Answer:
The lossy compression method is also known as irreversible compression and is beneficial if the quality of the data is not your priority. It slightly degrades the quality of the file or data but is convenient when one wants to send or store the data. This type of data compression is used for organic data like audio signals and images. The algorithm use in Lossy compression include: Transform coding, DCT, DWT, fractal compression, RSSMS.

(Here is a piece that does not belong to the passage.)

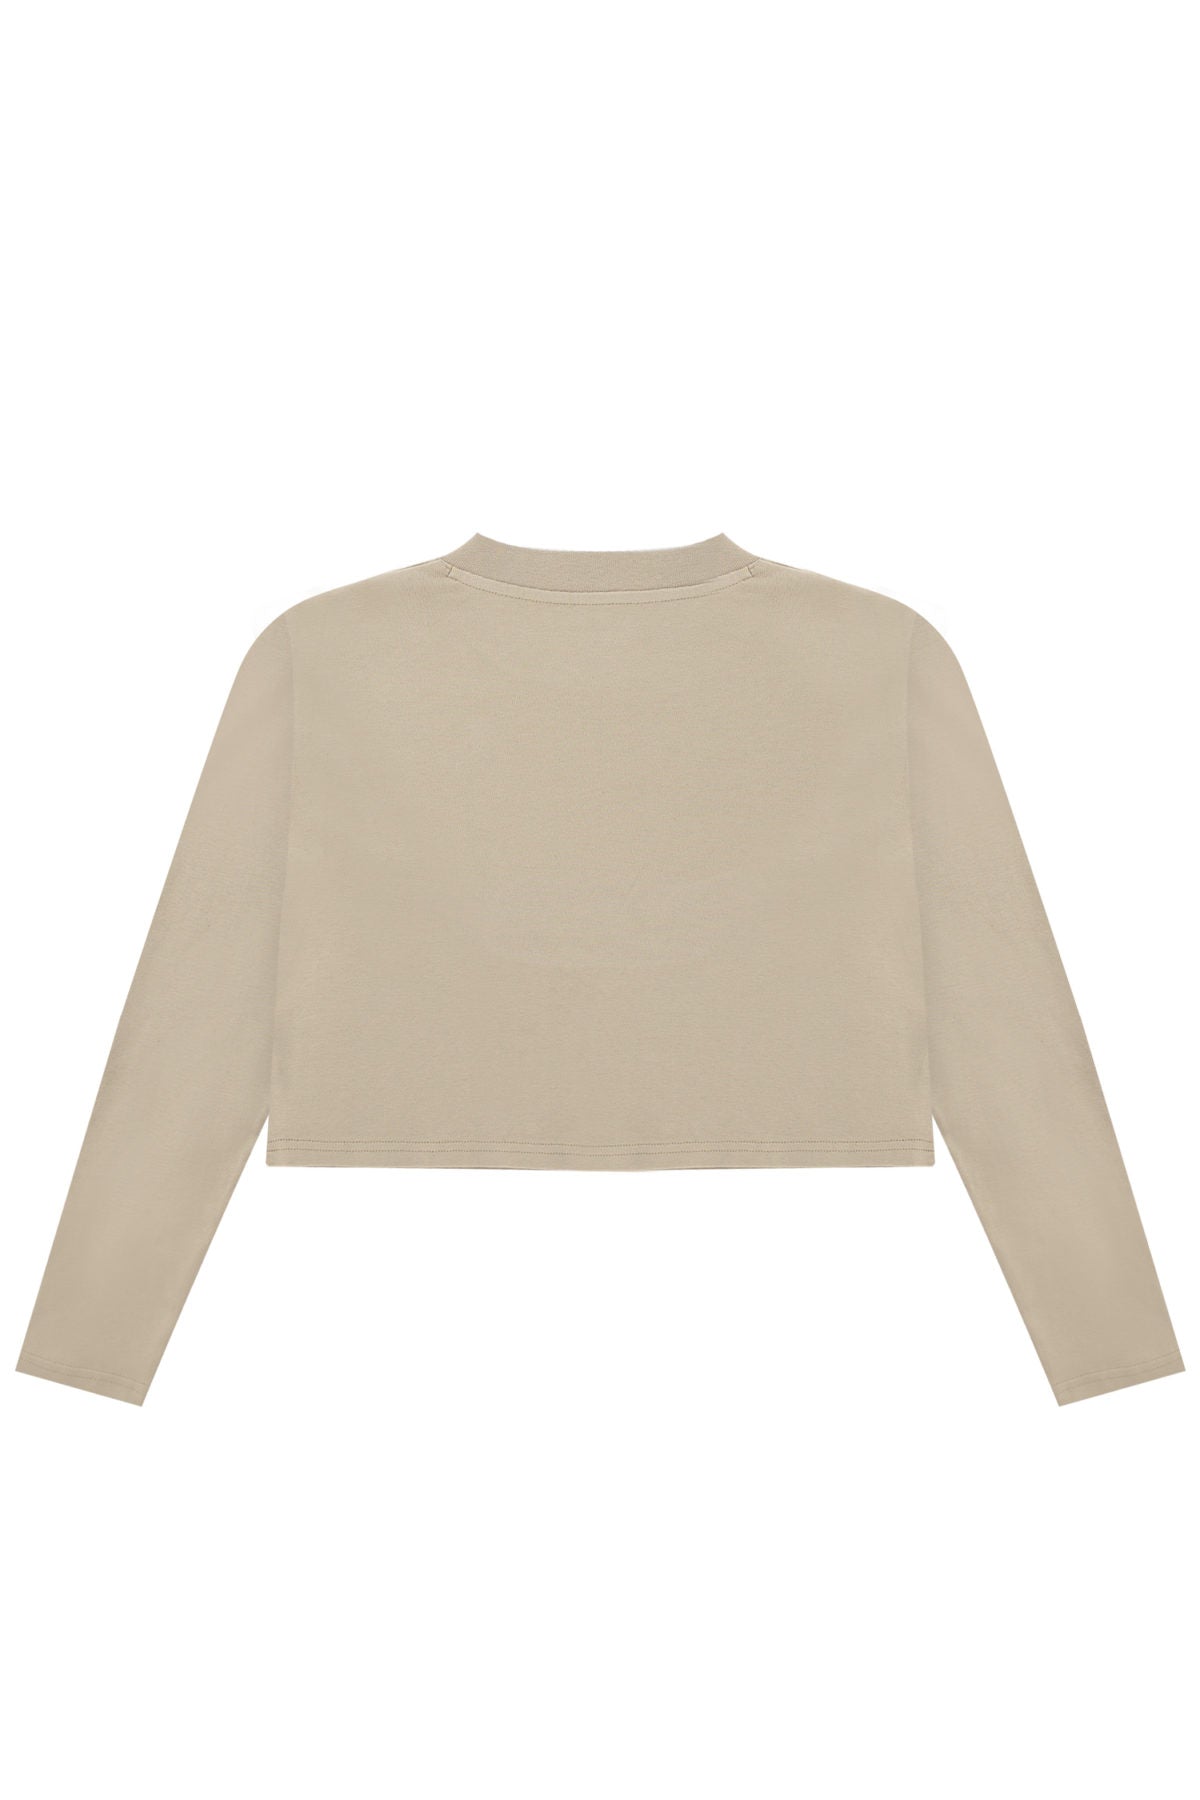 Load image into Gallery viewer, Cotton Crop Long Sleeve T-Shirt - Beige

The Lossless compression method is also known as reversible compression and is capable of reconstituting the original form of the data. The quality of the data is not compromised. This technique allows a file to restore its original form. Lossless compression can be applied to any file format can improve the performance of the compression ratio. The algorithm use in Lossless compression include: RLW, LZW, Arithmetic encoding, Huffman encoding, Shannon Fano coding.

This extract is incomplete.